Foods to eat when pregnant? Consuming the right nutrients is extremely important. Especially to ensure your baby is getting the necessary nutrients.
In general, there aren’t many food limitations for pregnant women. However, there are some that you should completely avoid due to them either causing miscarriages, stillbirths or other serious health complications.
Here’s a list of food items you should NOT eat when pregnant:
RAW FISH
Avoid raw seafood such as poke, oysters, caviar etc. As they may interfere with the baby’s brain and nervous system.
FISH HIGH IN MERCURY
Examples include shark, tuna, and swordfish.
ALCOHOL
Consuming alcohol when pregnant increases the risk of miscarriages, stillbirths and fetal alcohol syndrome.
UNDERCOOKED MEAT
Always make sure your meat is cooked thoroughly. When eating outside always opt for well cooked steak or meat of your choice.
UNPASTEURIZED JUICES, CHEESE AND MILK
Avoid all kinds of soft cheese such as brie, queso fresco, queso blanco etc. as they increase the risk of bacterial infections.
RAW SPROUTS
Raw sprouts may be filled with bacteria that is nearly impossible to remove.
DELI MEAT
Deli meat may be infected with Listeria which is a bacteria that crosses through your placenta and can effect your developing baby.
UNWASHED FRUITS AND VEGETABLES
Fruits and vegetables may be contaminated with bacteria such as Toxoplasma therefore, it’s crucial that you thoroughly rinse all of your produce.
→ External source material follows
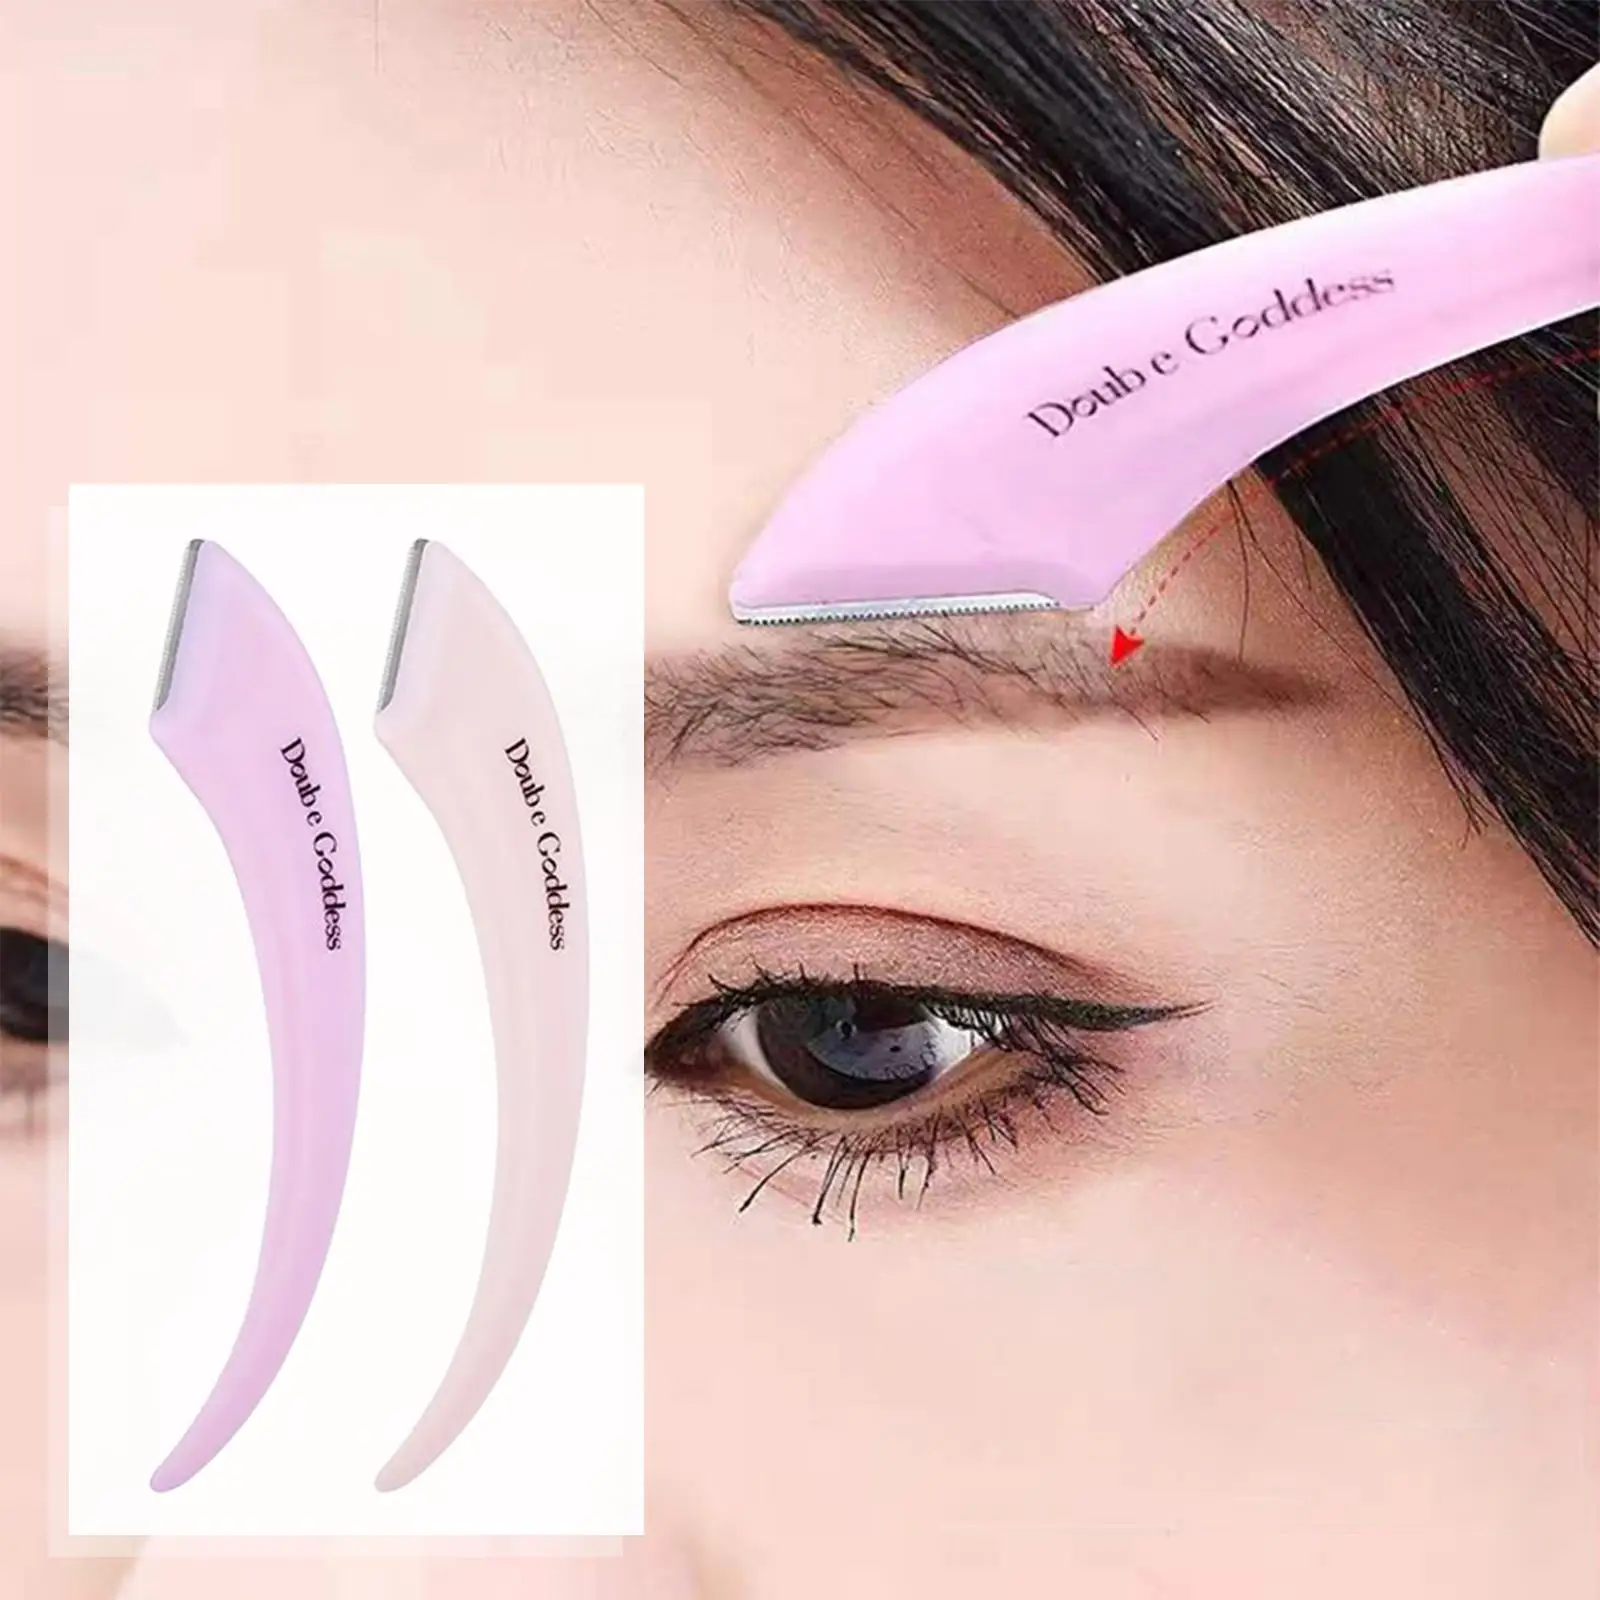 Eyebrow   Stainless Steel  Portable Eyebrow Repair Devices with Cover Eyebrow Trimming Eye Brow  unisex adult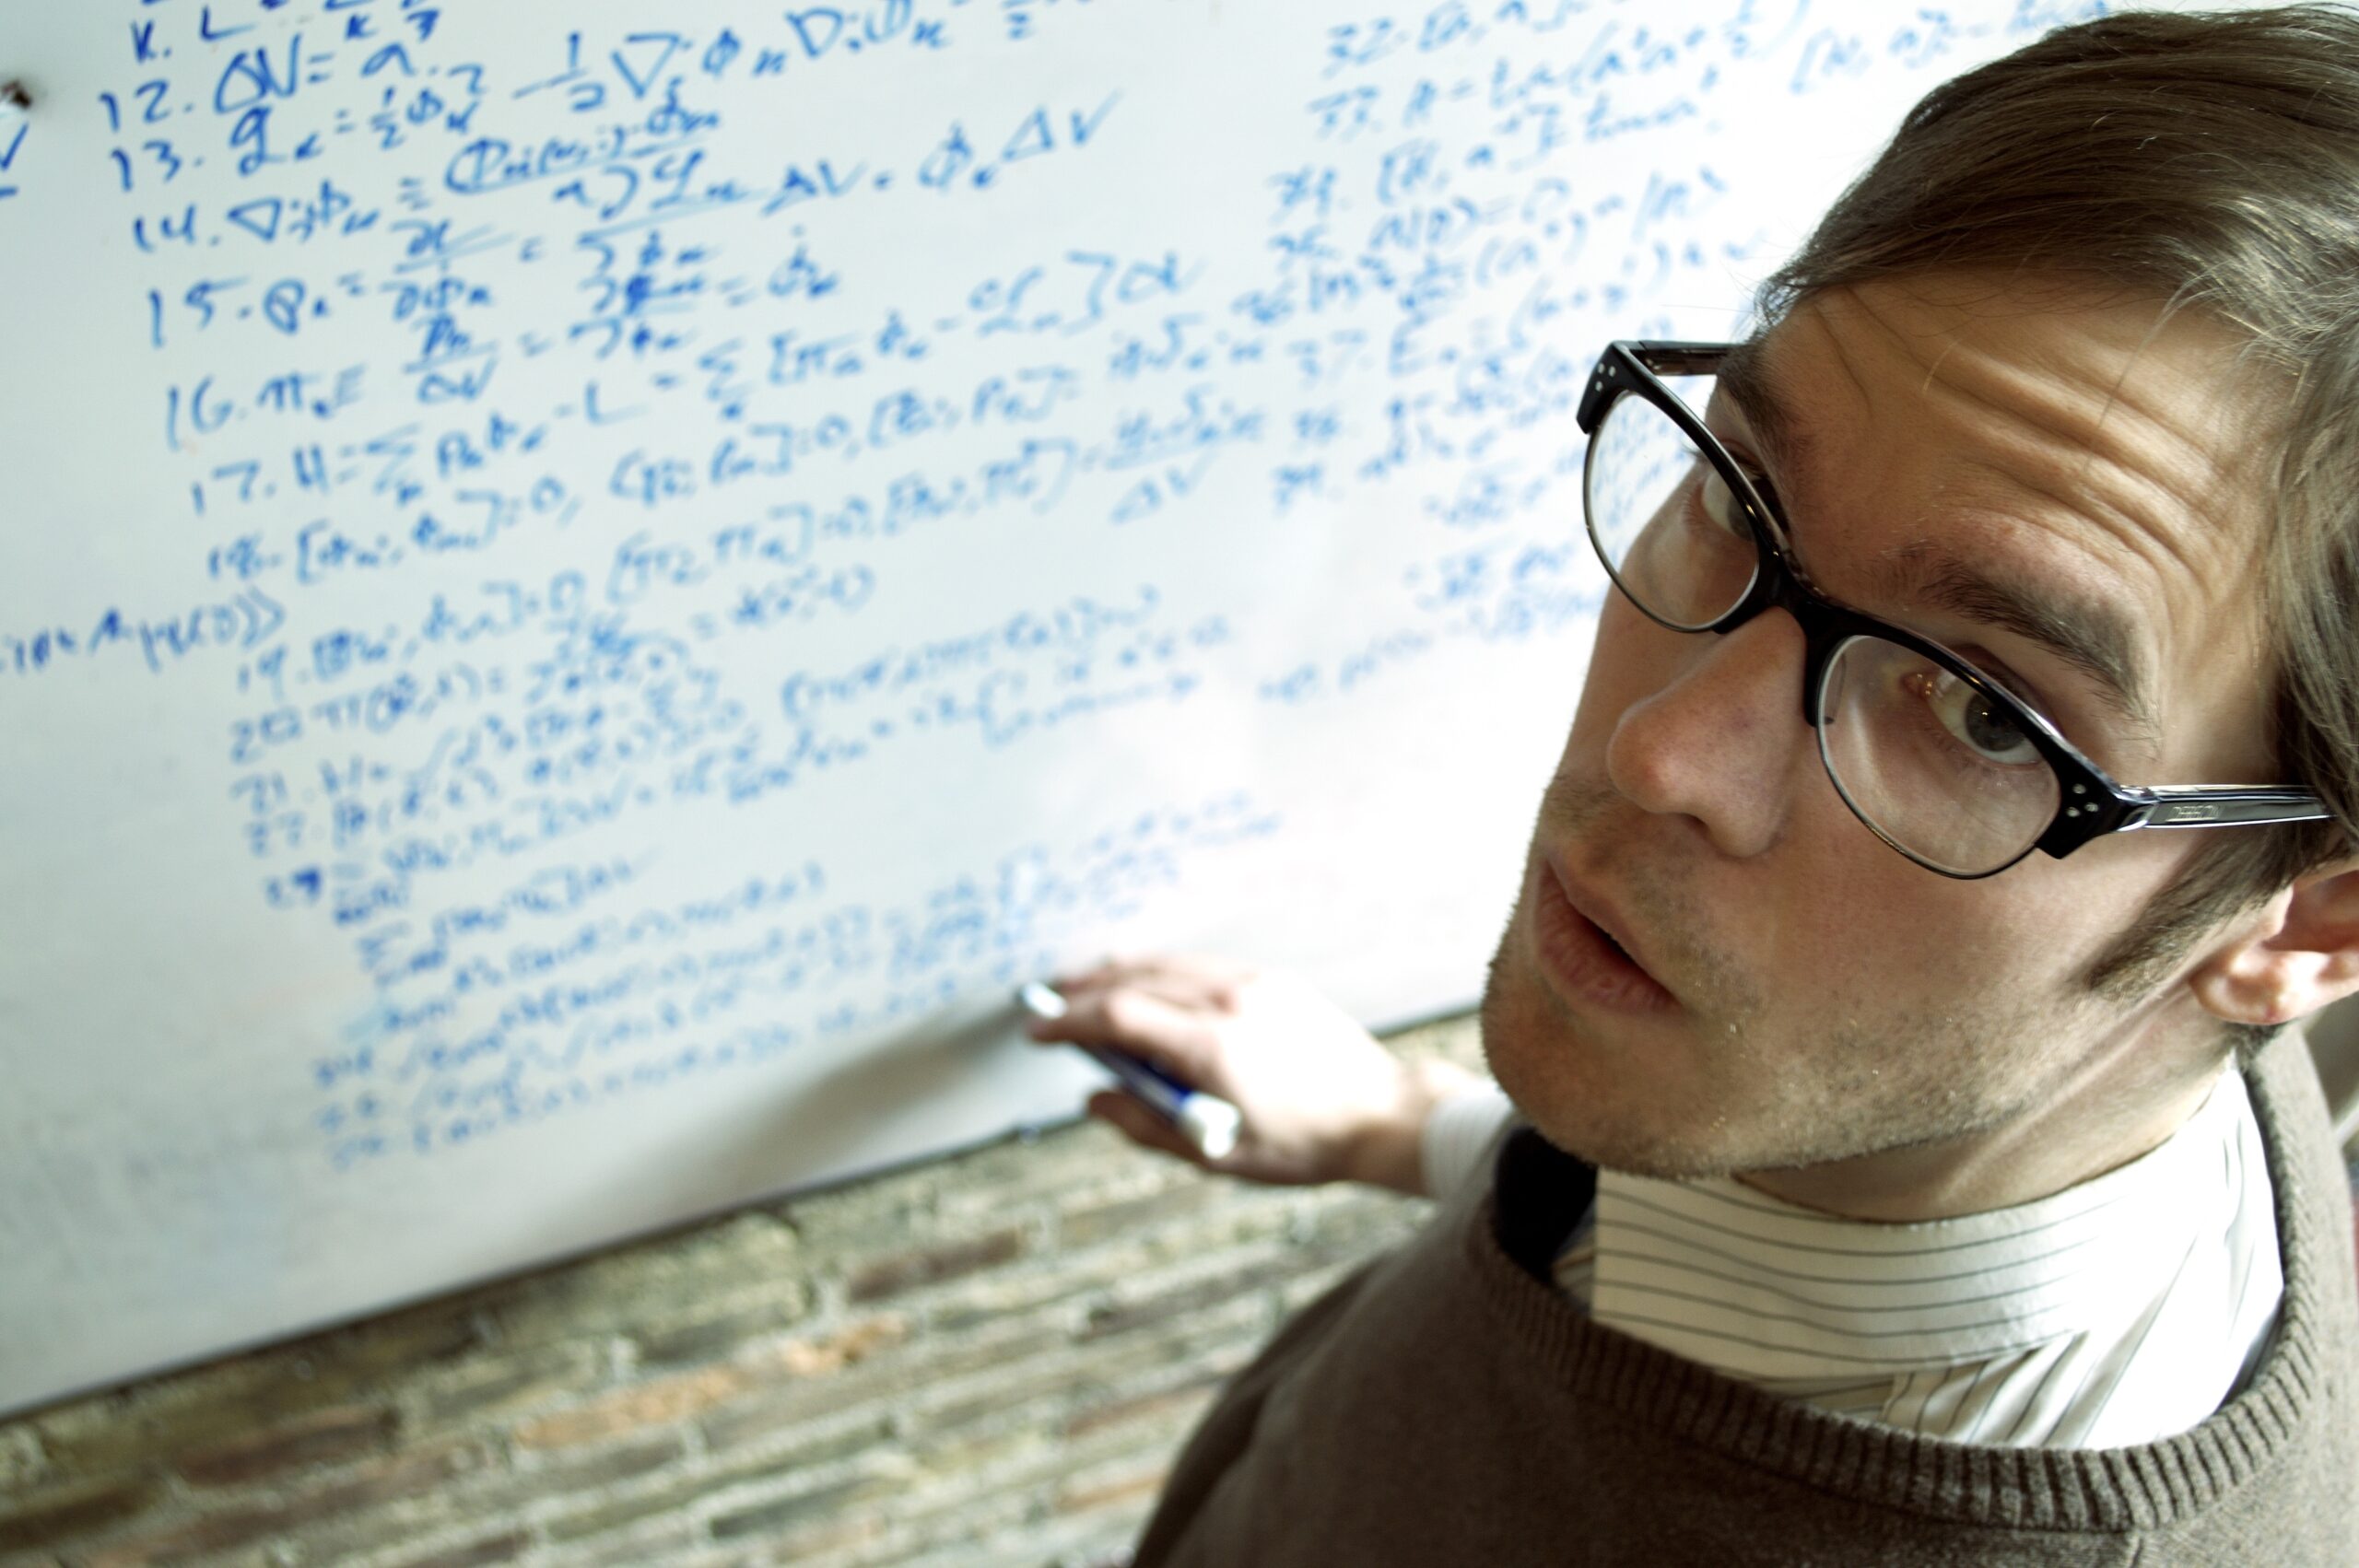 Person with glasses staring up at camera, writing equations on whiteboard in background

Instead, focus on consuming these highly nutritious food items:
These are the foods to eat when pregnant:
SWEET POTATOES
An excellent source of vitamin A that is integral in the growth of cells in your fetus.
SALMON
Omega 3 is extremely beneficial not only for the mother but also in the development of the baby’s brain and eye development.
AVOCADOS
Helps in relieving leg cramps that is common in pregnant women AND has been linked to improving fetal health.
BROCCOLI
Rich in vitamin C, iron, calcium, and disease fighting antioxidants all of which are essential for a healthy pregnancy.
BANANAS
An excellent source of potassium and often aids with pregnancy fatigue.
WALNUTS
Filled with omega 3 , magnesium, folate, healthy fats, and vitamin E all of which aid in the baby’s brain development.
YOGURT
Incorporating yogurt in your diet may reduce your baby’s risk of developing eczema and other allergies later in life.
WATER
You will need to consume twice the amount of water to avoid dehydration and other complications during your pregnancy.